Discover Angelo Mangiarotti, the Italian architect, designer and urban planner famous for his dedicated and revolutionary research on different production materials. From his impactful Milanese architecture that shaped the history of the city to his iconic product designs, Mangiarotti’s touch is still present today in our cultural landscape and industry practices.

Sinuous curves and unexpected joints, architectural encounters of masculine and feminine, furnishings and lights with great formal power. The design legacy of Angelo Mangiarotti, ten years after his death, is monumental. Each project contains a design lesson, an idea to be inspired by, to which many projects of the new generation of designers, of which Mangiarotti is one of the favorite masters, concretely refer.
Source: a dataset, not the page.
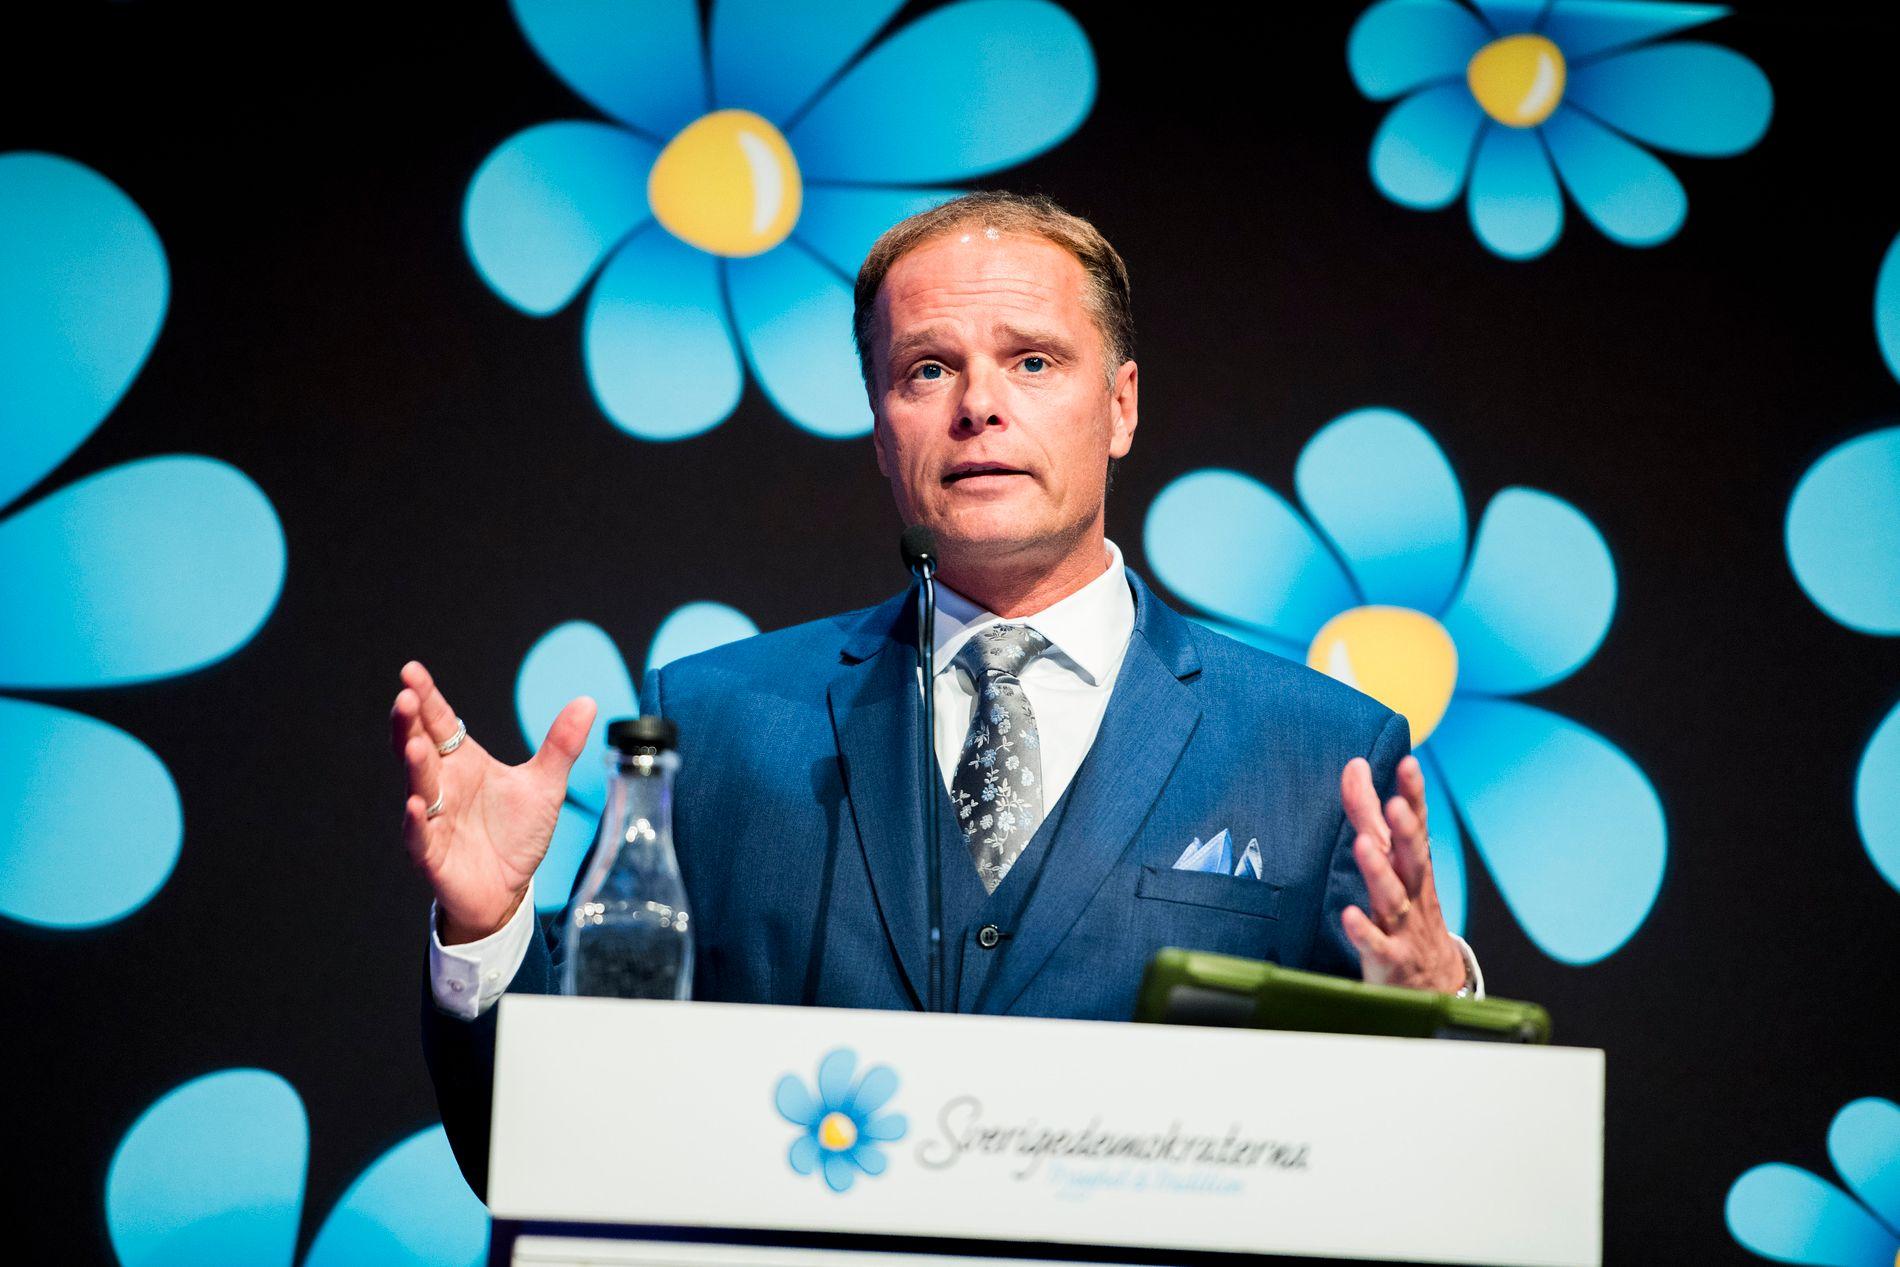 HØYE TAXIUTGIFTER: Skolepolitisk talsmann for Sverigedemokraterna har siden 2014 benyttet seg av regjeringens taxier til private formål.

His furnishings – primarily those produced by Agapecasa – are characterized by essential lines accompanied by design ideas of great impact. There is a deep knowledge of materials and a total confidence in furniture engineering. Mangiarotti experiments with daring joints, asymmetries, new balances never experienced before. And this is how he leaves his mark, offering the world a series of furnishings and accessories that go beyond time and are not afraid of changing trends.

 

Angelo Mangiarotti’s Life and Career

Angelo Mangiarotti was born in Milan on February 26th, 1921, and graduated with a degree in Architecture from the renowned Politecnico di Milano. That same year, he took the opportunity to assist the preparation of the VIII Triennale, effectively introducing him to the vibrant Milanese atmosphere of the design world. He later moved to the United States as a visiting professor of the Illinois Institute of Technology, where his encounters with Frank Lloyd Wright and Walter Gropius among others became instrumental in defining his personal style as a professional.

Back in Italy, in 1955 he launched a 5-year partnership with his colleague and friend Bruno Morassutti, where Mangiarotti took his first steps in the architectural landscape of Milan: from those days is the famous “Casa a tre cilindri” in the San Siro district, a fine example of architecture perfectly blended with its with urban planning and renovation process. The studio took this innovative approach of structural research even further with the design of an apartment complex in Via Quadronno, and later with the commission of the new Quartiere Feltre in a joint effort with a group of acclaimed Milanese architects. His architectural vision deeply reflected in these early works: Mangiarotti viewed the discipline as a form of functional art, an artisanal process that had to follow the importance of functionality and intellectual rigor. This was true also for his opinion of industrial design, that he approached with the same care of a craftsman and the precision of a urbanist. As a restless innovator, Mangiarotti rarely stayed still in one environment; after his experience with Morassutti, he ventured in the automotive sector working with Alfa Romeo first as a consultant and then as a product designer, working closely with engineers that encouraged and fuelled his passion for material research. While he never lost side of his calling as an architect, these experiences contributed to the expansion of his activities into product design, becoming one of the founding members of the still present ADI, the first Italian association for industrial design.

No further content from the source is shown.